最終章



ダーズはその表情に暗く影を落としながら。

口角を不気味なほどに持ち上げる。

「──!」

混沌と闇の化身を貫く筈だったエネルギーピラーはその先端部を失っていた。すぐに両者との間に差し込まれた羽根によって砕かれ妨害されたものと気付いたが間髪を入れず光線が一閃を引いてクレイジーを背中の上部から下腹部に向かって貫けば、堪らずダーズは嗤い出す。髪を掴みながら狂ったように。

「ふふ……あははっ! オレをね? 殺したいのは破壊神だけじゃないんだよ?」

クレイジーの体が揺らぎ、落ちていく。

「ばいばい──」
「──お別れの挨拶は済んだか?」


戦況の変化が目まぐるしい。


「ッ!」

背後に回り込んだ上でそっと肩の上に右手を置き耳元で囁きかけたのはマスターだった。そうしてダーズが気付いた時には遅く半径二メートル程の大きさの薄青色の四角い防壁が囲うように展開されて。

「だから安直だって言ったんじゃん」


この声は。


「あんなので僕をやれたとでも思ったの?」

防壁を挟んだ向かい側で。

「死なないよ」

口端や損傷部に赤い血を垂れながら。

「だって僕。破壊神だから」


キーラの放った光線がその身を貫いたのは紛れもない事実なのだろう。だがしかし文言の通り──中の臓器を二つ三つまとめて射抜く死に至らしめる不意の一撃を彼は破壊の力で凌ぎ切ったのだ。

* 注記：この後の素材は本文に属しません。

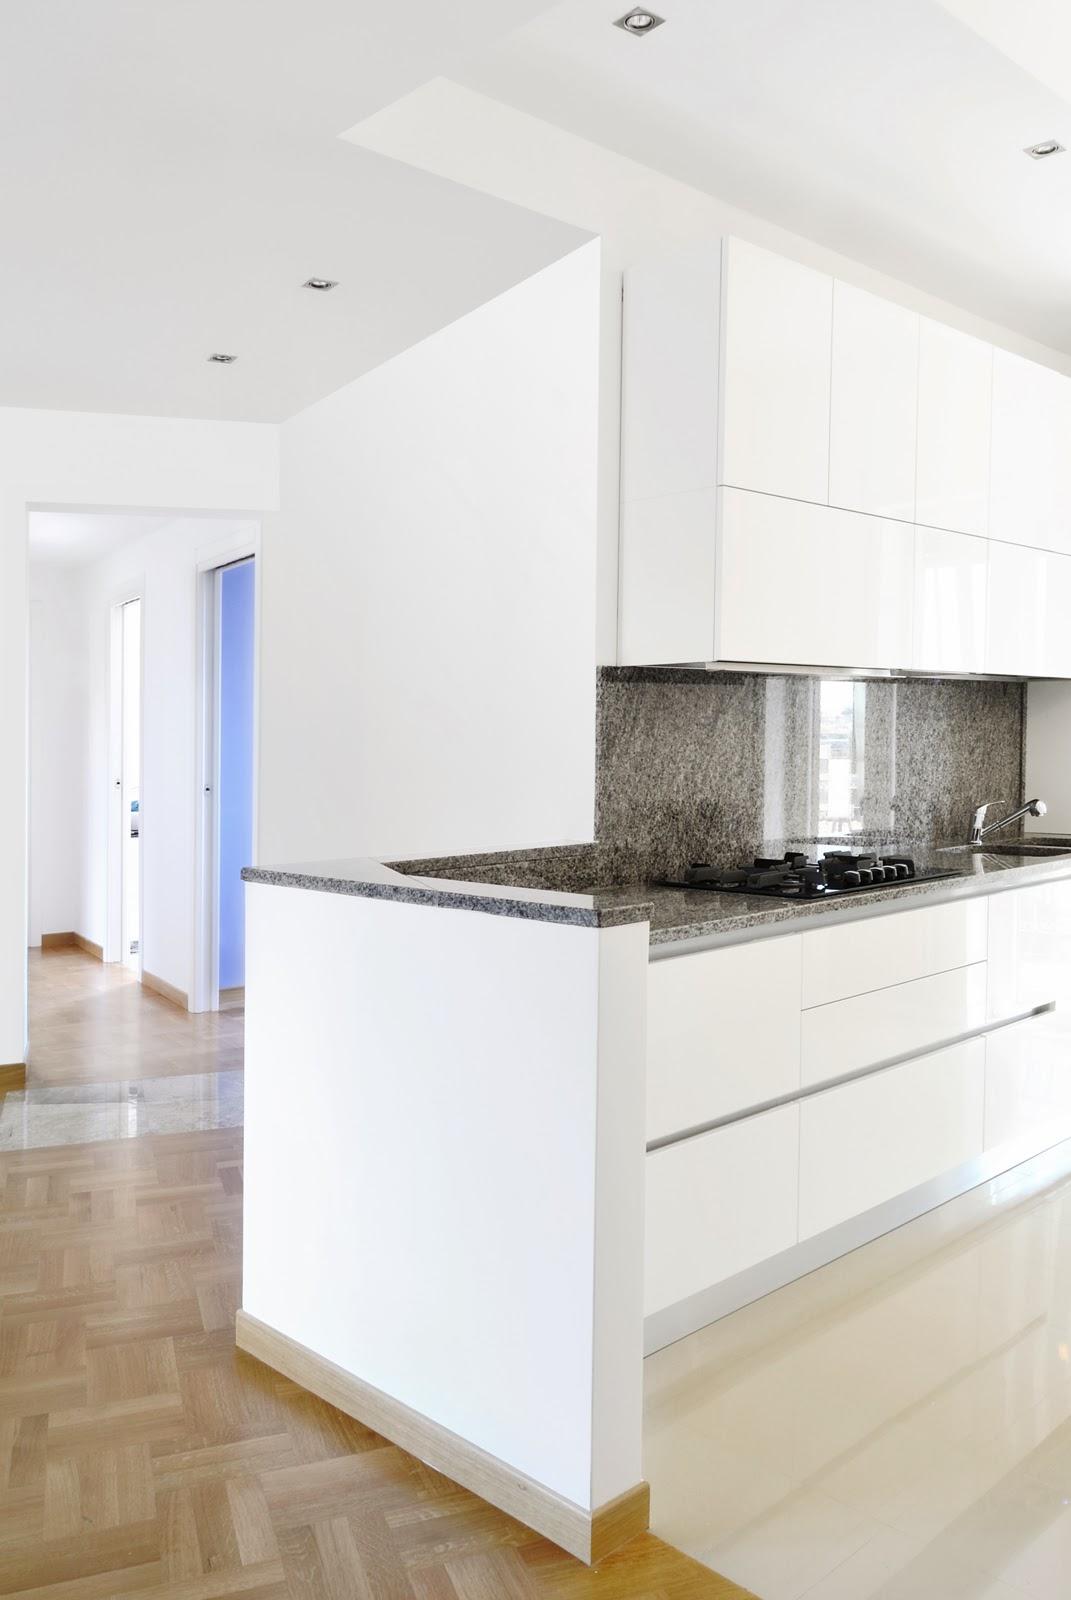 Casa tiburtina legno marmo e cemento a colloquio for Piastrelle bianche marmo

破壊したのは死亡の可能性フラグと他に有り得るのだとすれば痛覚か……それにしたって漠然とした違和感を感じる。マスターもクレイジーもキーラの策略によって神の座を下ろされ神力さえ枯渇させられているはずなのにあの様子は──そこまで考えたところでルーティはとある思考に行き着きハッと息を呑む。


「……まさか」


可能性がないとは言い切れない。

例えばキーラとダーズ共に神力を枯渇させて疲弊しこの世界自身も天秤を元の主人たるマスターとクレイジーに向けて傾け始めているのだとしたら──?